Your objective ::
Please output exactly the part of the records below that opens with the line containing "04.22.17 Zoo Funktion-1.jpg" and closes with the line containing "7 days FREE", both lines included, and nothing else.
/---
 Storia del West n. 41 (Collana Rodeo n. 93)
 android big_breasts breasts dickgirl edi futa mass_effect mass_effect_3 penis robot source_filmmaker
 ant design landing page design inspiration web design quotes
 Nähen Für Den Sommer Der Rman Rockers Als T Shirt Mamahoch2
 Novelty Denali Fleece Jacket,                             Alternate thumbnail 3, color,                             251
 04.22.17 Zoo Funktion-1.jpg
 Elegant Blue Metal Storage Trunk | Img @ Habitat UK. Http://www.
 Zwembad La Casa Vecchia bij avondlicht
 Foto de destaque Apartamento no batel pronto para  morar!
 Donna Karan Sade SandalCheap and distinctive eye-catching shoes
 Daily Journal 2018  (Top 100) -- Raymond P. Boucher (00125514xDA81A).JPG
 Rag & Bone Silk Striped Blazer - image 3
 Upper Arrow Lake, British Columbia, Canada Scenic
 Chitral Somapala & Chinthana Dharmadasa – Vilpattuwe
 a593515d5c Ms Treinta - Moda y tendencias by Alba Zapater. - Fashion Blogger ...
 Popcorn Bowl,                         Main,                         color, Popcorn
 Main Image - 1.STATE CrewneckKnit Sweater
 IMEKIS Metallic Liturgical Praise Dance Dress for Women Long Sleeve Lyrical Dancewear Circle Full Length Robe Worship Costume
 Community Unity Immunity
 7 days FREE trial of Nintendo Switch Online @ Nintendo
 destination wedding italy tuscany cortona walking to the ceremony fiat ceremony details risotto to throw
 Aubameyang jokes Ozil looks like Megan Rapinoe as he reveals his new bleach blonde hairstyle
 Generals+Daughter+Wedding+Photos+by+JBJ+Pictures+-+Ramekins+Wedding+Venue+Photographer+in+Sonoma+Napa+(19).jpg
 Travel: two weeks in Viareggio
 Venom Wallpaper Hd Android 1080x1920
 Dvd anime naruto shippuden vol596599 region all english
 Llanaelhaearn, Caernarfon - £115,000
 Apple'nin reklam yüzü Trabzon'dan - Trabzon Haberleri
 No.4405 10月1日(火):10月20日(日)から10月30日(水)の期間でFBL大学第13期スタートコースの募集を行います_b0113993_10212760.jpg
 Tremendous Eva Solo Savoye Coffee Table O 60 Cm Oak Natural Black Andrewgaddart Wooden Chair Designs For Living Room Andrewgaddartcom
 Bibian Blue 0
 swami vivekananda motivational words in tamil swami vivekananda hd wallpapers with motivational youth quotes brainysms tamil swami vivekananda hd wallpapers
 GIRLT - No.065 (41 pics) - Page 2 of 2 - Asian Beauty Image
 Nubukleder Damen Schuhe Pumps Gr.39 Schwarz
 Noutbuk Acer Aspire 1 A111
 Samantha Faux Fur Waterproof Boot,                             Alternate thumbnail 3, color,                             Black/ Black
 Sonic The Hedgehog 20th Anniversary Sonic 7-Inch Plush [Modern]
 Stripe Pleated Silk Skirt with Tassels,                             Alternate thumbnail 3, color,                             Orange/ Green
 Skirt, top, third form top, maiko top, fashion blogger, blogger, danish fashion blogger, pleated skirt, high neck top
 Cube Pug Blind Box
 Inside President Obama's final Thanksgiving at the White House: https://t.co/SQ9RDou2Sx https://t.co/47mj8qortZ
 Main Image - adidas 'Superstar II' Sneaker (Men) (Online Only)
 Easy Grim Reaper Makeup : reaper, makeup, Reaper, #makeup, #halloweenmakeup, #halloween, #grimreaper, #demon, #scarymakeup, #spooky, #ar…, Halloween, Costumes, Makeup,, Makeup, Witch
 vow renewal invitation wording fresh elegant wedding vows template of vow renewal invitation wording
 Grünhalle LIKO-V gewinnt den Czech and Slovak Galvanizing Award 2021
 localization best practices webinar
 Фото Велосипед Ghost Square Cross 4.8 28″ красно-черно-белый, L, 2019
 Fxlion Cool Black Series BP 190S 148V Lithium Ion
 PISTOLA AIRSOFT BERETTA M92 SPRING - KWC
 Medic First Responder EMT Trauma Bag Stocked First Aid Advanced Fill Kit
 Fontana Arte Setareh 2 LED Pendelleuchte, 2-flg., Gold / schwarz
\---
Finished task ::
 04.22.17 Zoo Funktion-1.jpg
 Elegant Blue Metal Storage Trunk | Img @ Habitat UK. Http://www.
 Zwembad La Casa Vecchia bij avondlicht
 Foto de destaque Apartamento no batel pronto para  morar!
 Donna Karan Sade SandalCheap and distinctive eye-catching shoes
 Daily Journal 2018  (Top 100) -- Raymond P. Boucher (00125514xDA81A).JPG
 Rag & Bone Silk Striped Blazer - image 3
 Upper Arrow Lake, British Columbia, Canada Scenic
 Chitral Somapala & Chinthana Dharmadasa – Vilpattuwe
 a593515d5c Ms Treinta - Moda y tendencias by Alba Zapater. - Fashion Blogger ...
 Popcorn Bowl,                         Main,                         color, Popcorn
 Main Image - 1.STATE CrewneckKnit Sweater
 IMEKIS Metallic Liturgical Praise Dance Dress for Women Long Sleeve Lyrical Dancewear Circle Full Length Robe Worship Costume
 Community Unity Immunity
 7 days FREE trial of Nintendo Switch Online @ Nintendo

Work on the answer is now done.